[DATA PROVIDED — start]

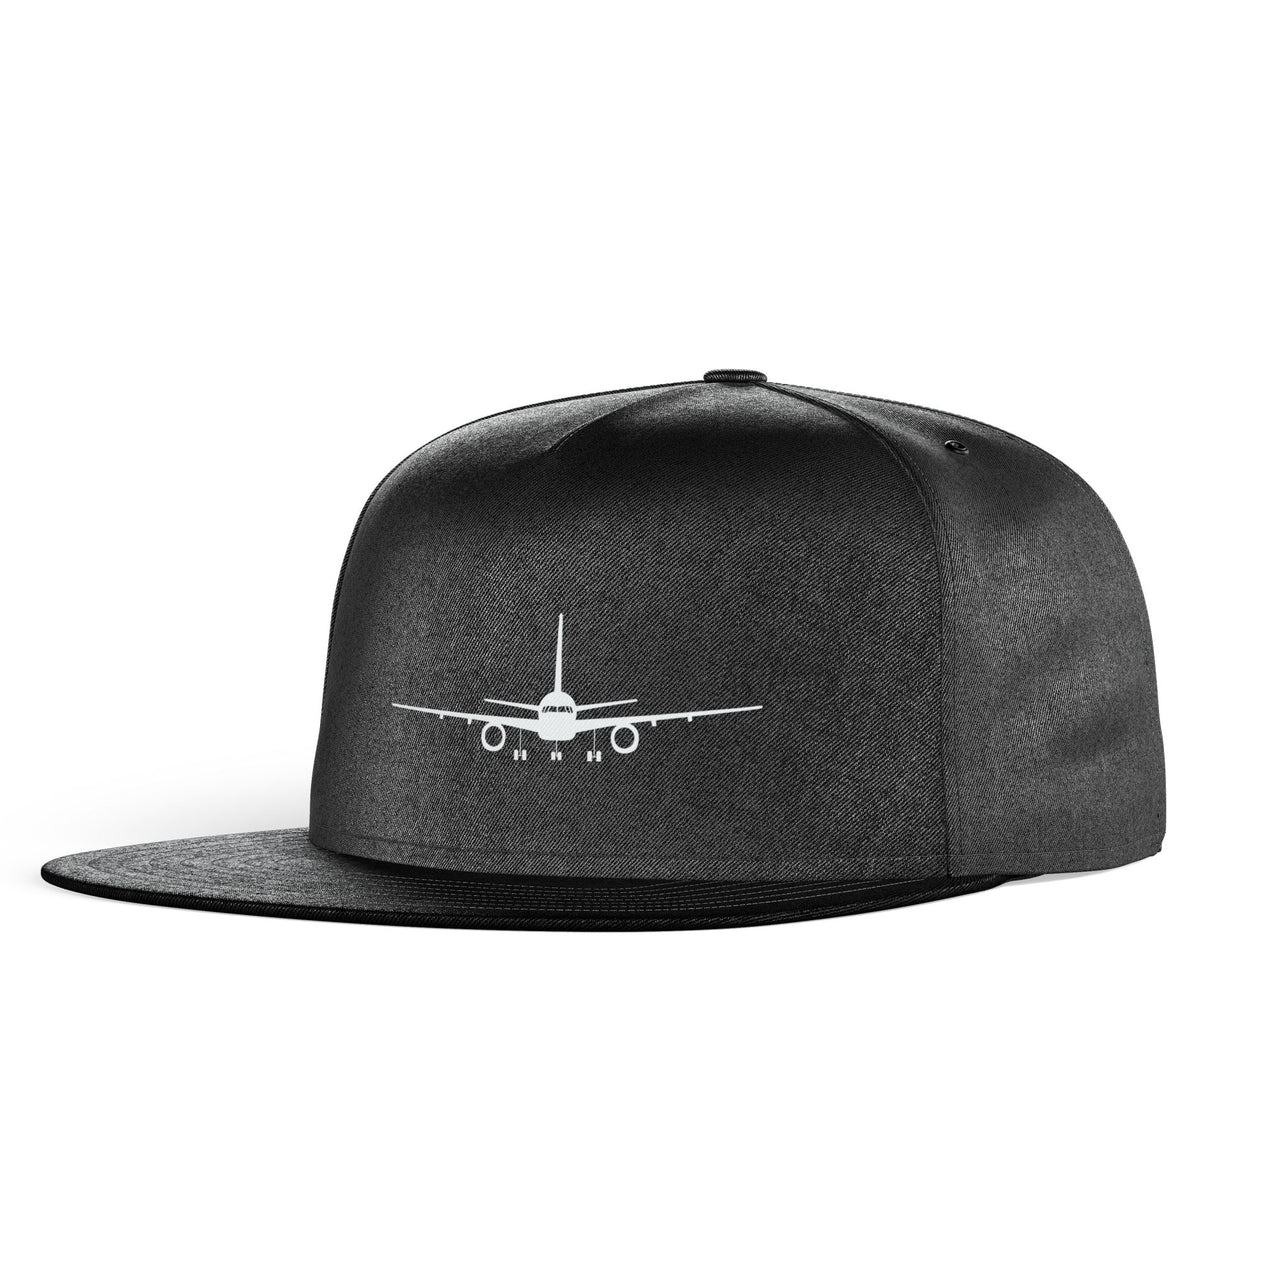 Boeing 757 Silhouette Designed Snapback Caps & Hats
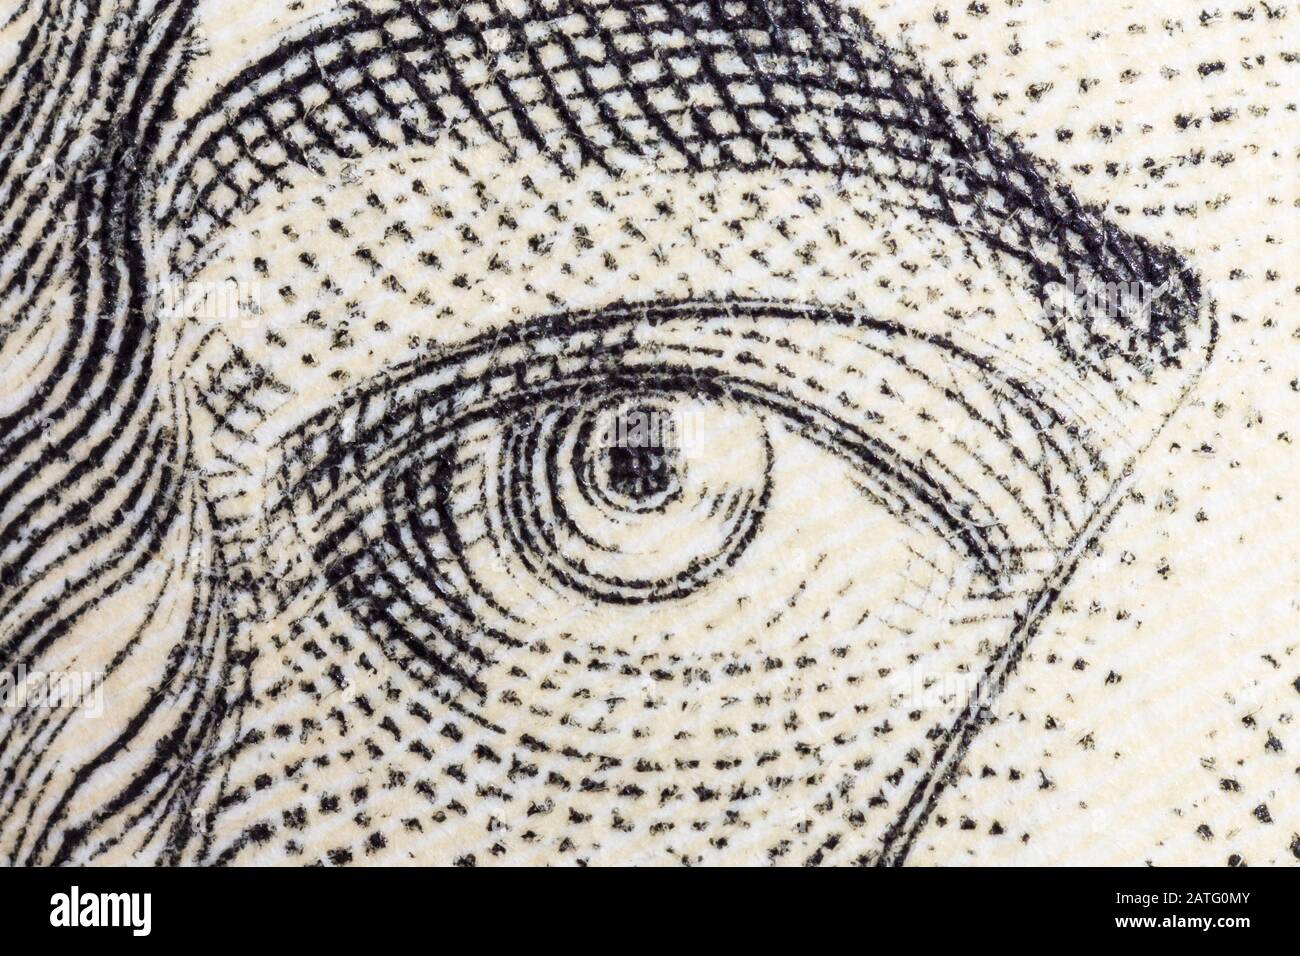 Macro close up photograph of Alexander Hamilton eye on the US ten dollar bill. Stock Photo
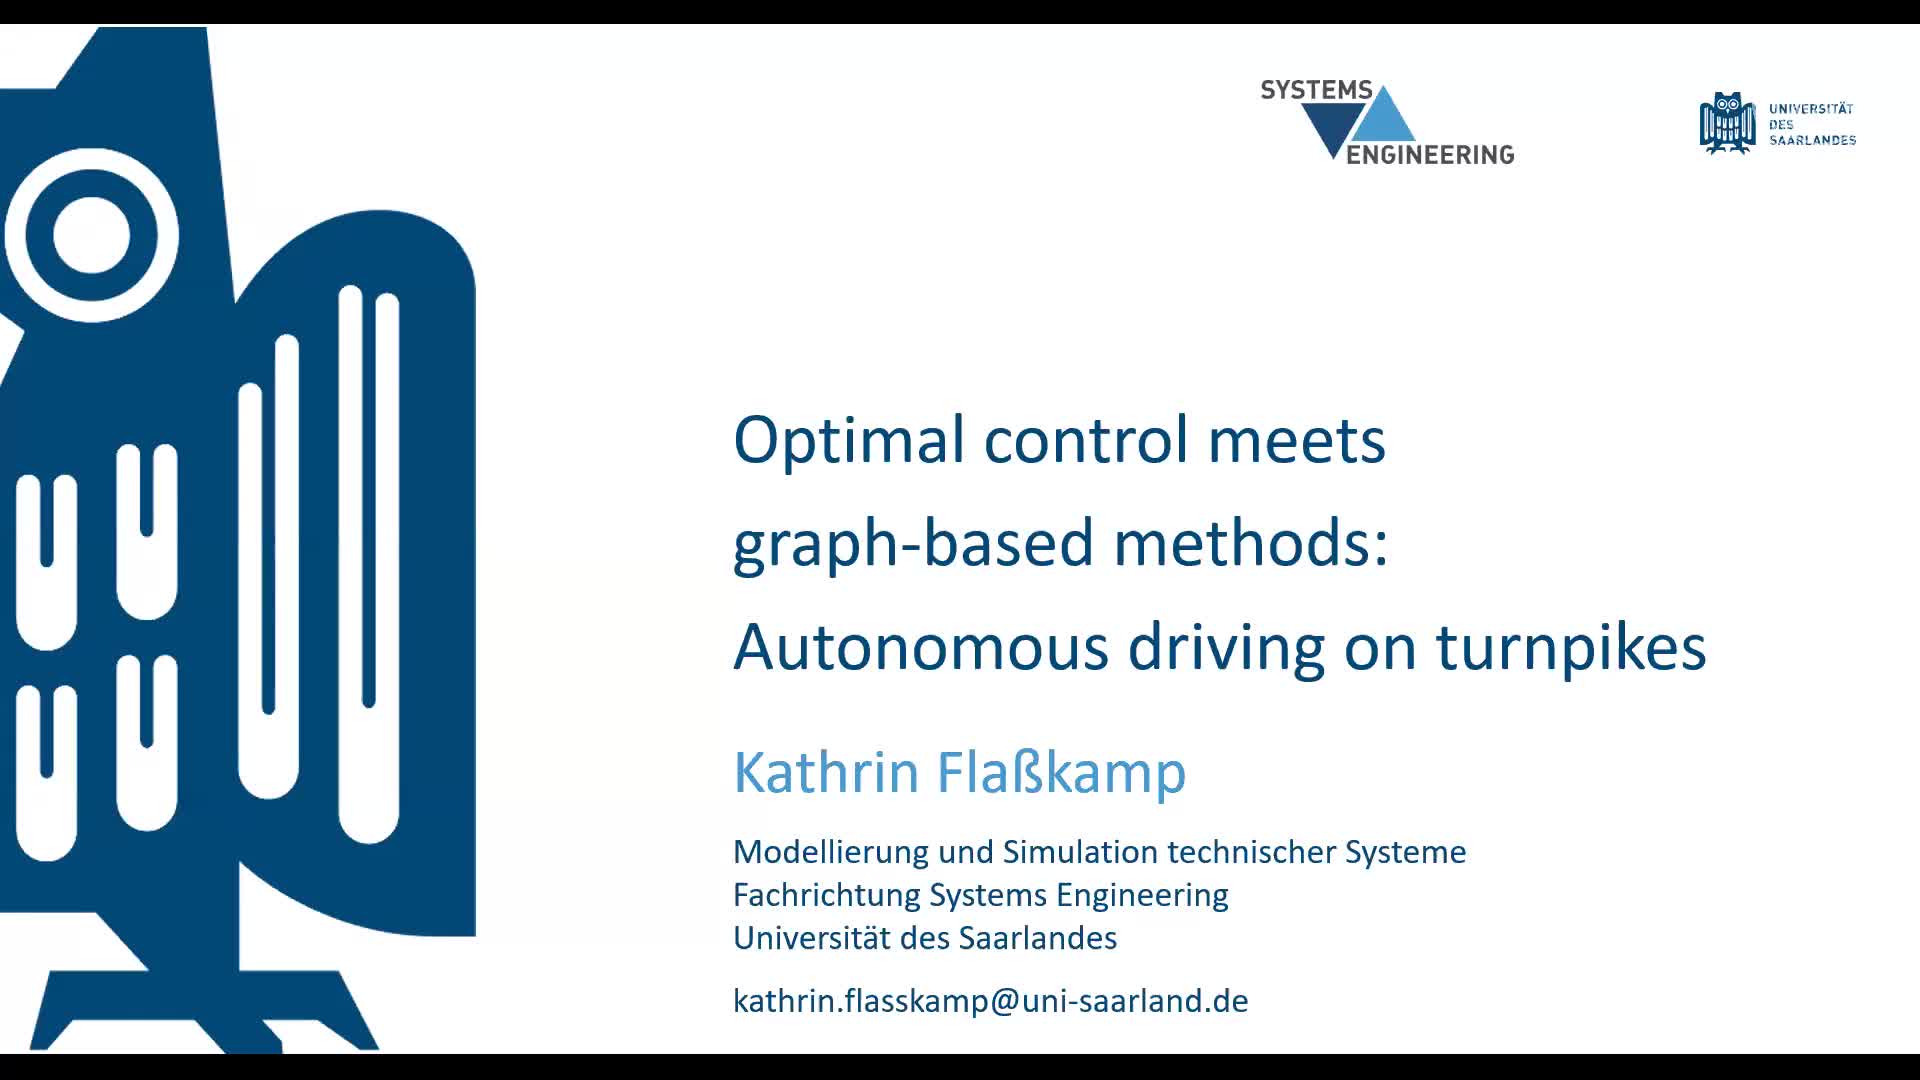 Optimal control meets graph-based methods: Autonomous driving on turnpikes (K. Flaßkamp) preview image

[DATA PROVIDED — finish]

**WORK TO COMPLETE:**
Take the line that holds "Macro close up" as the start and the last line of the data as the end. Copy only those lines exactly, both ends included, except the pictures.

**ANSWER BOX:**
 Macro close up photograph of Alexander Hamilton eye on the US ten dollar bill. Stock Photo
 Optimal control meets graph-based methods: Autonomous driving on turnpikes (K. Flaßkamp) preview image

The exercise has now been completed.